For the fourth factor, the Court began by pointing to evidence that Android did not harm Java's actual or potential markets, as Oracle/Sun would not have been able to enter the smartphone market anyway. Second, the Court agreed with Google's expert that Android was not a market substitute for Java's software because the two products were on different devices. Java was on simple, mobile devices like the Amazon Kindle whereas Android was used in more advanced smartphone technology. Third, the Court noted that Oracle could benefit from Android because Java and Android operated in two distinct markets and programmers learning Java language to work on smartphones can bring their talents to Java's laptop market as well.
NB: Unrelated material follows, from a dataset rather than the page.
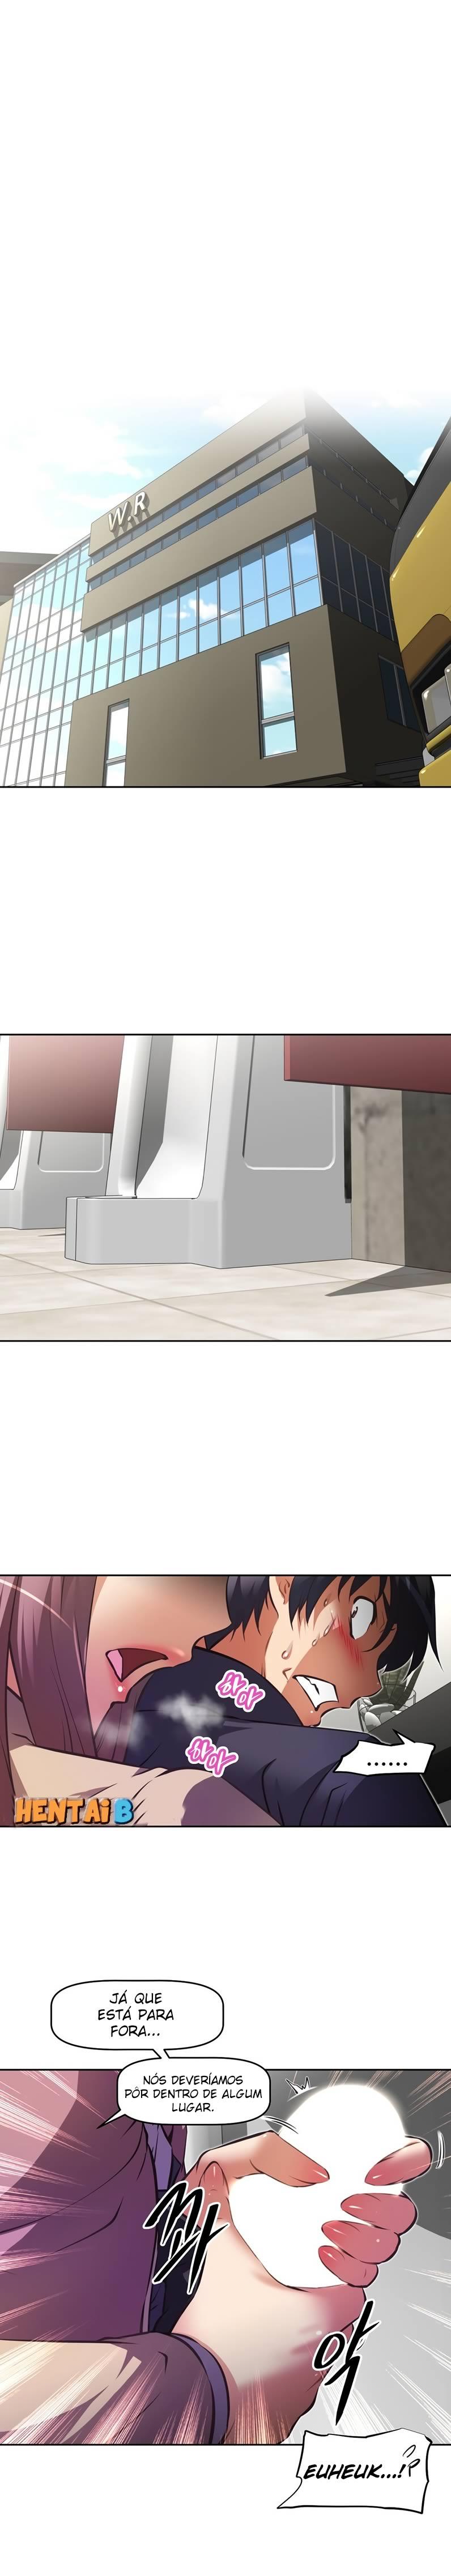 01 3 - Brawling Go! #113 Hentai HQ

Fourth, the Court noted that allowing enforcement of Oracle's copyright would risk harm to the public by stifling creativity. Oracle, 141 S. Ct. 1183.

Fair Use and Generative AI

Most striking about the fair use assessments in these cases is the highly individualized  analysis of the four fair use factors. This, of course, is inevitable because courts must mold fair use to whatever technology is at issue, and vast differences exist between video recording technology and computer source code.

It has not been determined yet how courts adjudicating cases involving generative AI will apply the fair use factors. However, the four cases collectively hint at the following three points:

  1. Whether generative AI is “transformative” will play a large role;
  2. The nature of the copyrighted work and the raw amount of the work used in the allegedly infringing technology will likely not be dispositive; and
  3. The analysis on the effect of the use upon the market for the protected work will be fact-specific.

September 25, 2023 marks the first decision in which a district court judge considered whether the use of copyrighted materials in machine learning was fair use, in Thomson Reuters Enterprise Centre GmbH v. Ross Intelligence Inc. 2023 WL 6210901 (D. Del. Sept. 25, 2023). Thomson Reuters sued Ross Intelligence Inc. for using content on Thomson Reuter's legal research platform, Westlaw, to create a “natural language search engine” using artificial intelligence. The plaintiff had alleged that the defendant had infringed Westlaw's copyrighted headnotes and corresponding “key numbers” that connect legal issues in a document to corresponding laws or cases. In response, defendant invoked the fair use defense, arguing that its artificial intelligence “studied the headnotes and opinion quotes only to analyze language patterns, not to replicate Westlaw's expression.” Id. at *8.

Despite considering all four fair use factors, Judge Stephanos Bibas declined to resolve the defense at the summary judgment stage. However, Judge Bibas' opinion affirms the three points above. Specifically, he wrote that the analysis will depend on “transformativeness,” specifically mentioning the role “transformativeness” played in Oracle. Judge Bibas also followed the approach taken by the cases above and stated—quoting Authors Guild—that the “second factor has rarely played a significant role in the determination of a fair use dispute” and that the amount of copying will depend on whether the use was “tethered to a valid purpose.” Id. at *9-10.

Finally, on the fourth factor, Judge Bibas admitted that the analysis will involve “factual market-impact questions” and listed generative AI-specific questions that must be answered: “How transformative is it? Can the public use it for free? Does it discourage other creators by swallowing up their markets?” Id. at *11.

Conclusion

Although Thomson Reuters  did not establish definitive precedent on fair use, Judge Bibas' opinion will be the first of many opinions that address fair use's applicability to artificial intelligence and machine learning as more plaintiffs assert copyright claims against companies utilizing such technology. And although Judge Bibas largely followed the trends and precedent established by the cases explored in this article, it remains an open question whether other courts will do the same.